Erano passate tre settimane dal risveglio di Michele. Tre settimane che volevo disperatamente incontrarlo, cercarlo. Sbuffai seduta nell'ampia aula pronta per l'esame di numismatica antica, ancora poche persone e sarebbe toccato a me. Non avevo paura e non ero emozionata per niente, da quando ero diventata un confine, erano davvero poche le cose in grado di farmi agitare. Un esame all'università era una cosa piuttosto normale e ben gradita in confronto. Mi rigirai il numero di Samuele tra le mani. Nella mia mente balenavano le alternative su come fargliela pagare. La prima, forse la più ovvia, era quella di chiamarlo, fare finta di voler partecipare alle sue feste esclusive ed incastrarlo tramite qualche video o registrazione. Ma avevo paura, forse troppa. La seconda era la testimonianza di Michele alle autorità in maniera tale che senza rischi si potesse arrivare ad una conclusione giusta. Ma avevo tenuto sotto controllo telegiornali, quotidiani ed anche piccole testate minori per trovare la notizia del suo arresto. Eppure ancora niente. Perché aspettare così tanto?

Sentii il mio cognome detto con la voce nasale e spazientita dell'assistente, probabilmente mi stava chiamando da un po'. Mi alzai di scatto e mi avvicinai alla cattedra piena di fogli, appunti, libri e collezioni di monete antiche. Le riconoscevo tutte. Espirai tranquilla sorridendo. L'assistente – una bella e giovane donna – sembrava poco a suo agio e continuava a respirare affannosamente. Lei non poteva capire il perché il suo corpo reagisse così, ma io avevo la vaga impressione che c'entrasse l'errante che era alle sue spalle - un giovane di circa sedici anni che non smetteva di sussurrare parole che non capivo al suo orecchio.

"Signorina...", incominciò sporgendosi sul foglio con i nomi degli iscritti, "Matteis, elenchi la provenienza di ogni singola pila, così, per cominciare", continuò. Continuava a sudare freddo, aveva brividi visibili in tutto il corpo. L'assistente mi indicò un bauletto con sei file di monete antichissime, probabilmente prestato da qualche museo. Una volta finito l'elenco di provenienza, mi fece qualche breve domanda di storia, qualche domanda sui simboli presenti sulle due facce dei medaglioni di bronzo e qualche domanda sulle potenzialità del denaro corrente versus baratto.

Alla fine dell'esame e dopo il mio tanto agognato ventotto - per alcune imprecisioni - chiesi all'assistente di prendersi una pausa insieme a me.

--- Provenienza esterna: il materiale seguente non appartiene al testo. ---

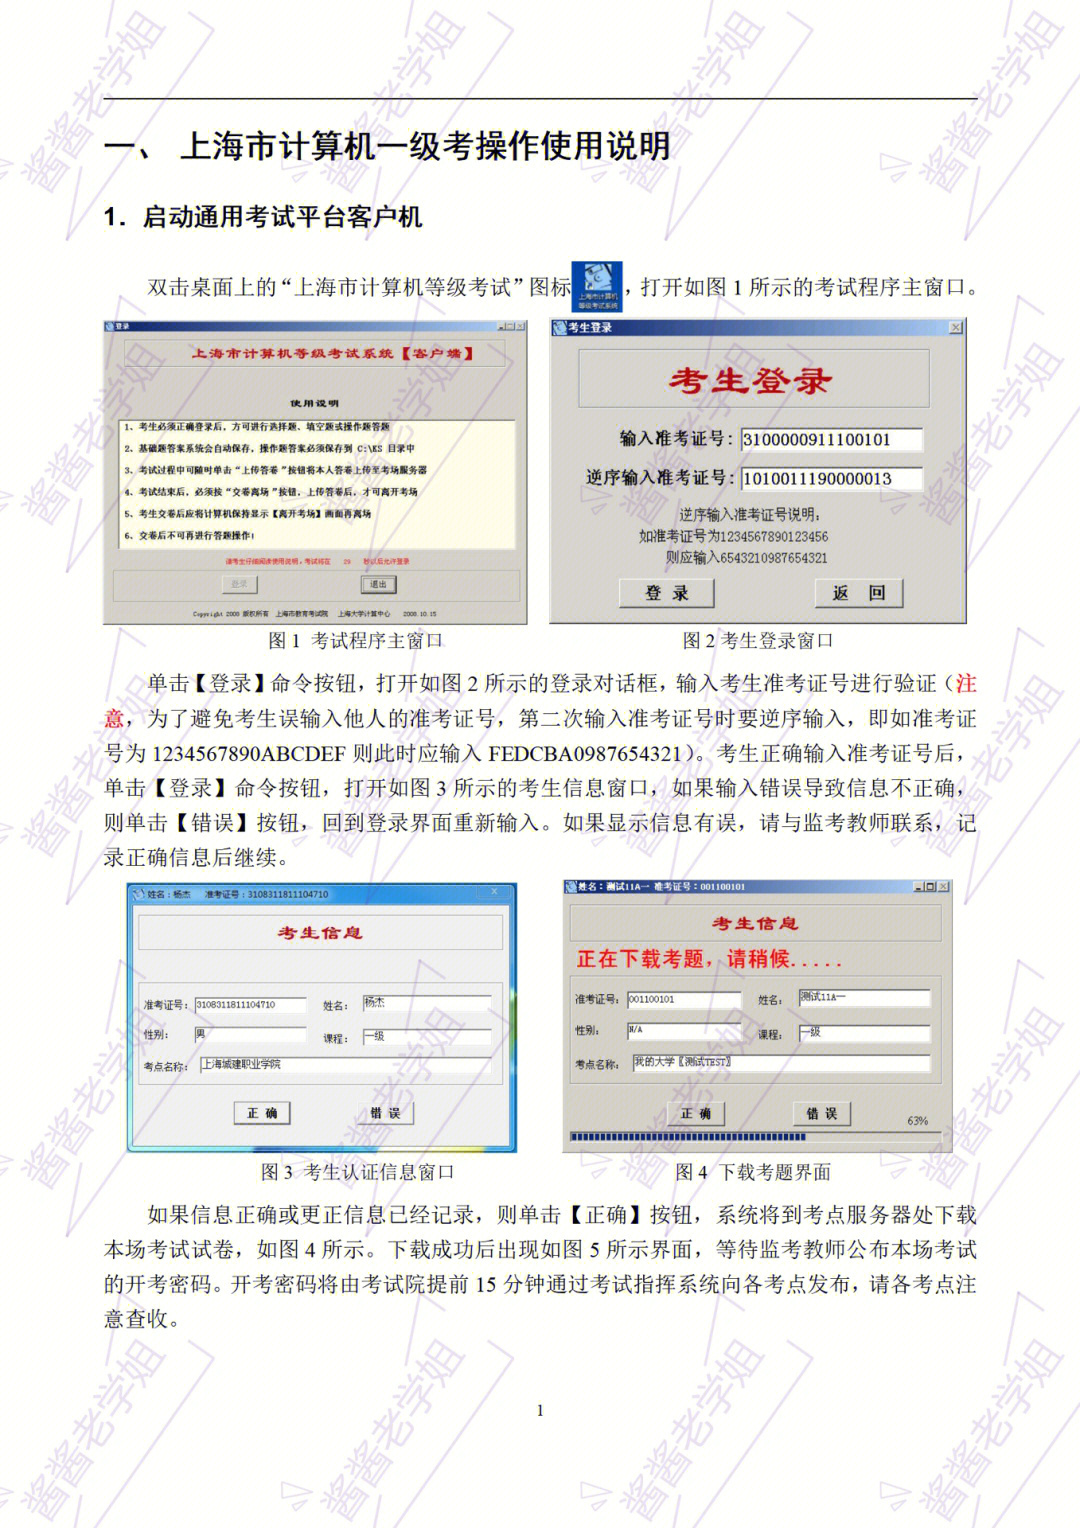 上海市计算机一级考试操作说明

"Non ha una bella cera, dottoressa, senza offesa", sussurrai il più educatamente possibile. Incrociai per un secondo lo sguardo di quel ragazzino alle sue spalle.

Tu puoi vedermi!, strillò nella mia testa. Guardai di nuovo l'assistente, che si sporgeva per chiedere una breve pausa al professore che acconsentì placidamente con un cenno del capo.

Per favore, aiutami, lei non capisce, non mi sente.

Guardai il ragazzo dritto negli occhi ed annuii. Erano di un verde bottiglia singolare, ed i capelli castani ondeggiavano sulla fronte. Mi ricordò il fratellino di Monica.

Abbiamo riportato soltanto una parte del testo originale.